Tuna Diekspor, Kisah Pilu Nelayan Morotai Jadi Penonton di Laut Sendiri
Keberadaan kapal besar di jalur ini tidak hanya merampas ruang tangkap nelayan lokal, tetapi juga mengancam ekosistem perairan dangkal.--Istimewa
Kondisi ini menjelaskan mengapa Morotai belum memerlukan Sentra Tempat Pelelangan Ikan (TPI), karena tidak terjadi transaksi jual-beli hasil laut yang kompetitif, baik melalui sistem lelang maupun mekanisme pasar lainnya.
Sebagian besar margin hilirisasi, saat tuna segar diolah menjadi loin, steak, atau sashimi yang nilainya berlipat ganda, justru mengalir ke perusahaan perantara.
Akibatnya, nelayan kembali terjebak sebagai pemasok bahan baku mentah dengan daya tawar yang lemah.
Persoalan ini semakin parah dengan kondisi infrastruktur rantai dingin yang vital kini ambruk.
Mesin pencetak es (ice flake) bantuan KKP di lima lokasi, Wayabula, Sangowo, Buho-buho, Bere-bere, dan Cendana saat ini mangkrak akibat kesulitan perawatan dan kelangkaan suku cadang.
Fasilitas penyimpanan dingin (cold storage) di SKPT juga kerap "mati suri" akibat pasokan listrik di Morotai yang tidak stabil.
"Imbasnya, nelayan terpaksa menjual hasil tangkapan dengan harga murah atau menyaksikan ikannya membusuk. Krisis ini memutus mata rantai hilirisasi di hulu dan mengembalikan nelayan pada posisi sebagai pedagang bahan mentah yang rentan," papar Rachma.
Situasi ini jelas bertolak belakang dengan semangat Asta Cita yang menekankan peningkatan nilai tambah bagi nelayan.
Untuk memutus mata rantai permasalahan ini, diperlukan pendekatan komprehensif yang berfokus pada penciptaan ekosistem berkeadilan, tidak sekadar pembangunan infrastruktur semata.
BACA JUGA:Serap Banyak Tenaga Kerja, Airlangga Hartarto Sebut Prabowo Bakal Bangun Kampung Nelayan Merah Putih
Pertama, penegakan hukum yang konsisten mutlak diperlukan.
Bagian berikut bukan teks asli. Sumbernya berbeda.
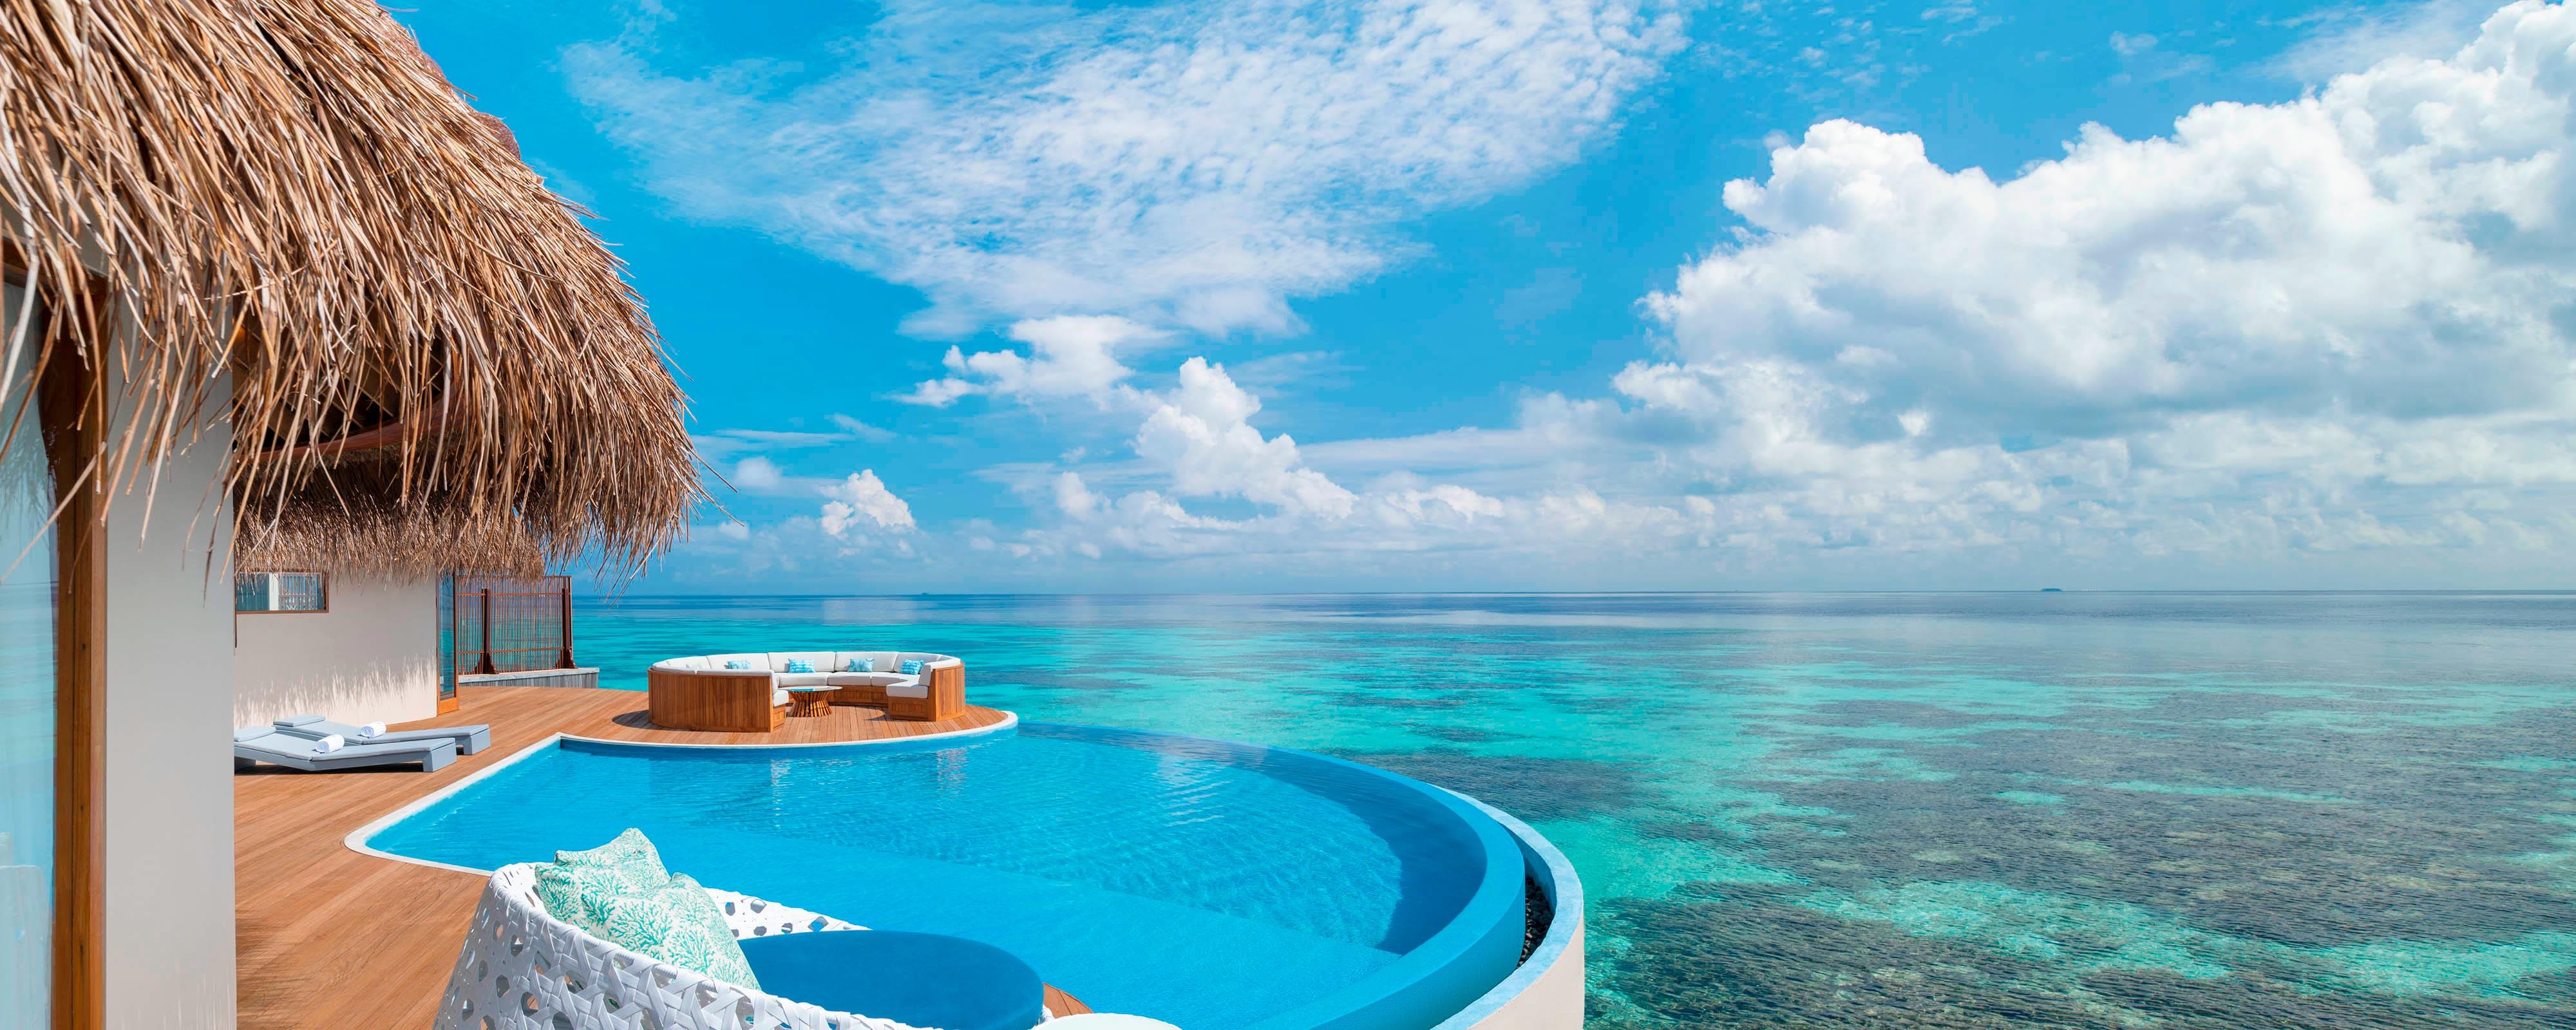 Maldives Resorts| W Maldives
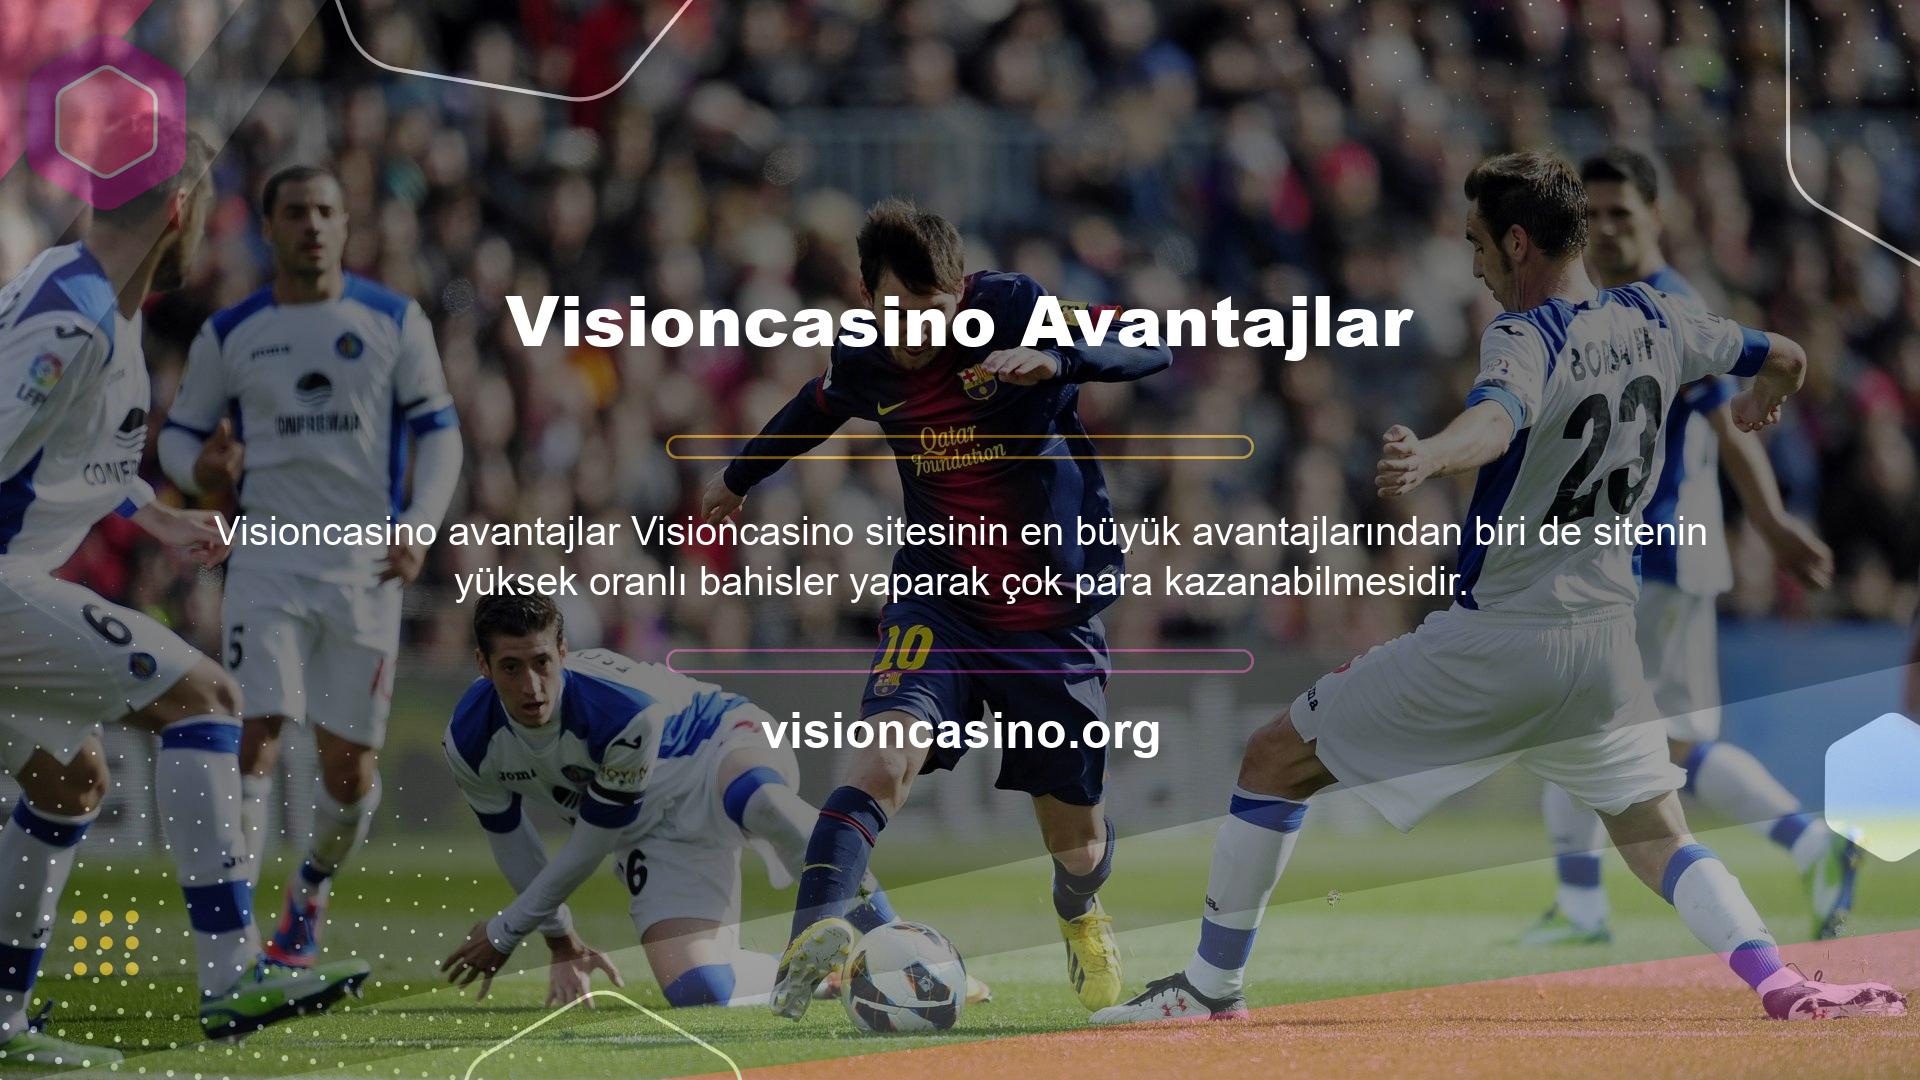 Bu özellik Türk bahisçiler için çok önemli olduğundan, Visioncasino web sitesi Türk bahisçilerden oluşan geniş bir izleyici kitlesine sahiptir

Operasi terpadu dan rutin antara PSDKP, TNI AL, dan Polairud harus ditingkatkan untuk menertibkan pelanggaran batas zonasi tangkap.
Data KKP mencatat, 78% dari total 1.382 kasus pelanggaran perikanan sepanjang 2023 justru terjadi di wilayah terpencil seperti Morotai.
Kedua, pemberdayaan kelembagaan nelayan menjadi kunci. Koperasi nelayan setempat, seperti Koperasi Desa Merah Putih di Morotai, perlu dikembangkan menjadi koperasi yang tangguh dan terintegrasi.
Lembaga ini dapat mengelola unit usaha es, menampung hasil tangkapan anggota, hingga membuka akses pemasaran yang lebih luas.